Happy New Year. And by golly, we all have a lot to be happy about. For example, we don't have to feel guilty about driving our gas guzzling SUV’s anymore. It turns out Global Warming, the extinction of the polar bears, and the melting of the polar ice caps are all being caused by cows farting and overheating the planet. How did the scientist miss this? Any fourth grade boy knows a good fart and a Zippo lighter converts any asshole into a World War II vintage flame thrower. So, when Barack Obama takes office, he might be able to talk the Iranians into giving up their nuclear ambitions; they can run their country’s energy program on cow farts.

And while we, here in the USA, have been focused on Al-Qaeda, those slippery Iranians were busy taking down the Guinness World Records award for the largest sandwich. They built a 700 meter long ostrich meat hoagie, but before the Guinness guys could get a precise measurement, the crowd of bystanders ate it.

George Bush can claim credit for beating Al-Qaeda at its own game. They've been threatening to destroy our economy. So George took matters into his own hands and went ahead and destroyed it himself. So long, George. We will miss you.

Those cute Obama girls are heading for the White House. Amy Carter could give them a little advice since she was just nine years old when she went to live in the White House. Amy, now 41, however, enjoyed the experience so thoroughly, that she refuses to be interviewed by anyone, anywhere, any time, forever. Good luck girls.

And some bad news. Worse than Eliot Spitzer.
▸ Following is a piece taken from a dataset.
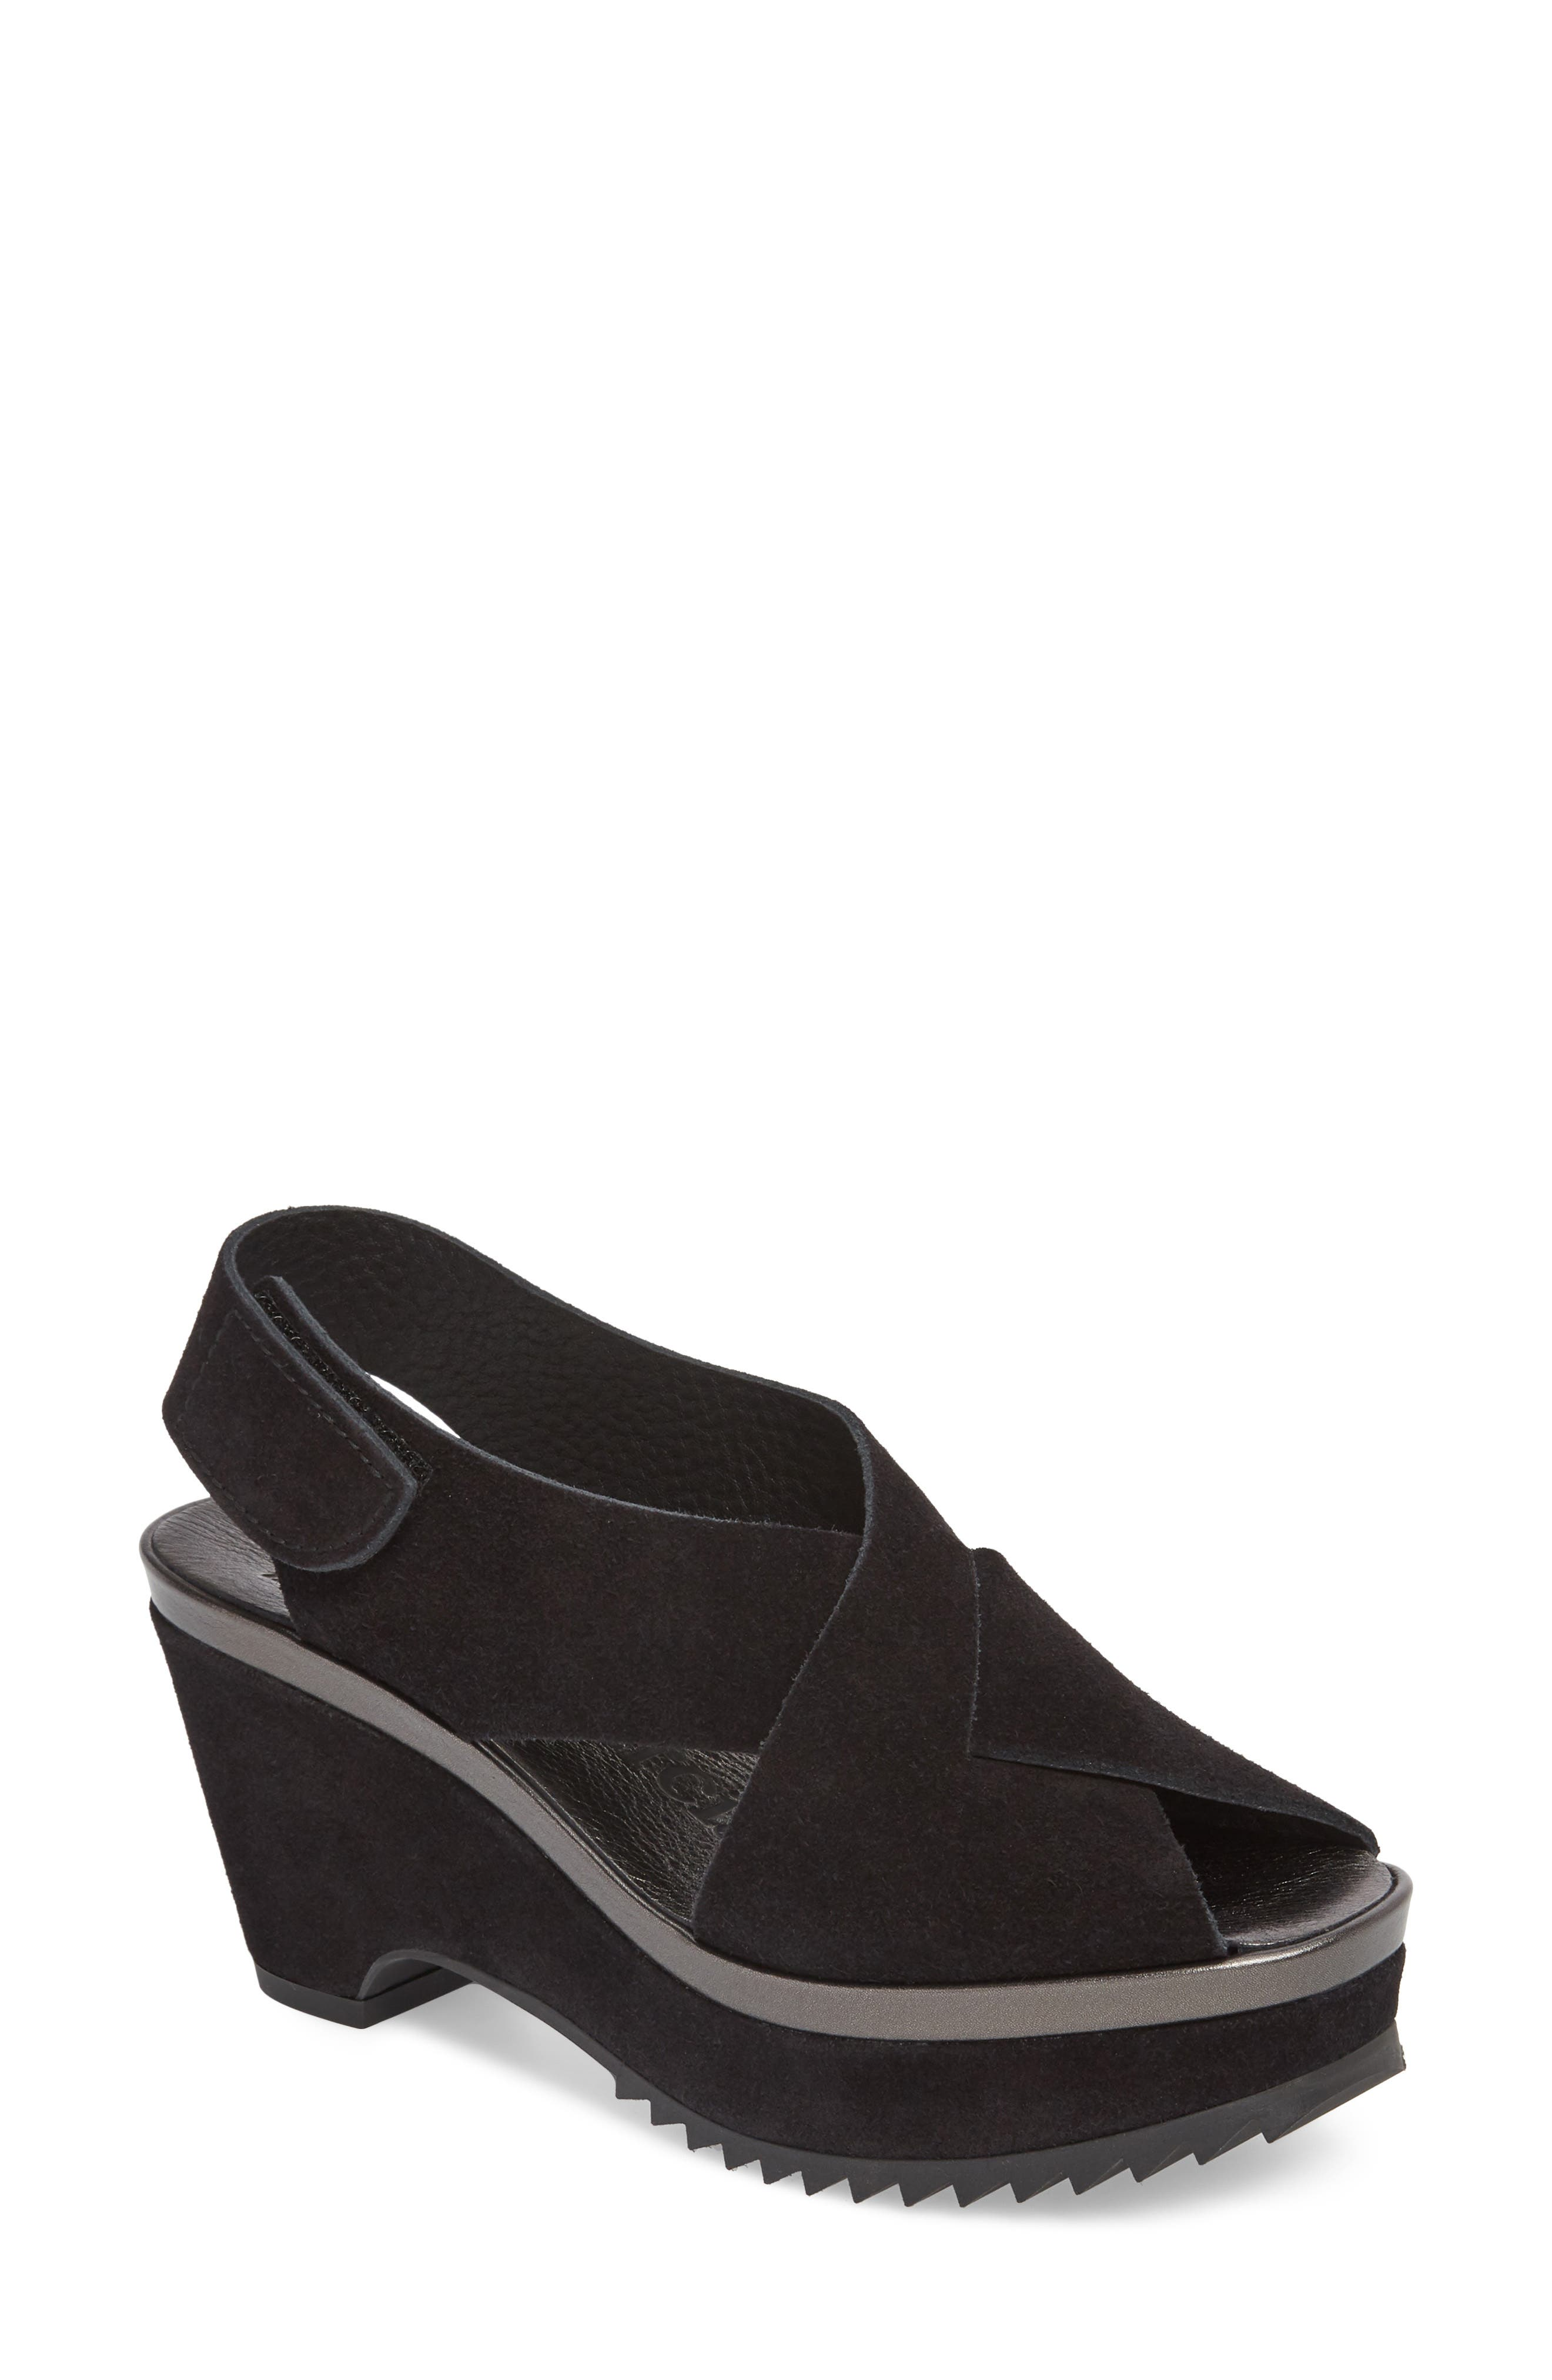 Fayre Cross Strap Wedge Sandal,                             Main thumbnail 1, color,                             BLACK

Worse than Blagojevich. It turns out our new president smokes cigarettes.

Angelina Jolie is worried for her husband, Brad Pitt's reputation. It seems he's been practicing deep channeling, hoping to gain insight by communicating with the dead. According to the American Funeral Association, there is an easier way. There is a sharp rise amongst people under 40 years of age, in burying their loved ones with their cell phones turned on, in hopes of keeping the connection. I hope they remember to put the charger in the casket with a long extension cord.

As for us baby boomers, the good news, according to Johns Hopkins Research, is that hallucinogenic mushrooms, consumed even decades earlier, can still make you a happier person in old age. Sushi, on the other hand, is an excellent way of pushing your mercury level into the high risk zone. Sexy models, it turns out, don't just make women feel inadequate. They have the same effect on men. We all feel equally inadequate around sexy models. Bravo for equality.

Amongst married couples in their 20s, there has been a sharp rise in infidelity. The girls are catching up with the boys. Women's infidelity is up 20%, while men's infidelity is up 45%. Keep trying ladies. As for us guys, Madonna's ex-husband just won a divorce settlement for over $75 million. I'll just bet he's happy.

White wine is just as good for your health as red wine. Does that mean Germans can keep eating sausages?

The economy is in the toilet, but some say this will bring Americans back to their senses, reestablishing family values, and stopping our obsession with consumerism. The news hasn’t reached Wal-Mart, though, where a 270 pound, 6 foot 5 inch, seasonal employee was trampled by a shrieking mob charging into the store trying to get a good deal on a flat screen TV.

One economic writer recommends bringing back dumpster diving, as a recreational activity. Darned if people don't throw away a lot of perfectly good stuff. So lose the metal detector. The real value is in garbage gleaning.

Joe the Plumber’s back. I know. Thank heaven we haven't lost him. He has been reincarnated as a political blogger. And we can always hope Sarah Palin shows up in the Senate?

The mayor of Seattle wants to ban guns in public parks and at festivals. But there's a mom in Pennsylvania who won a court battle giving her the right to pack her rod when attending her five year old’s soccer games, proving we live in the land of the free. But, I can't help wondering, what would've happened to me if I threw my shoes, first one, then the other, at the president of the United States. God bless America.

So, you see what I'm saying. It's a New Year. And we sure have a lot to be happy about.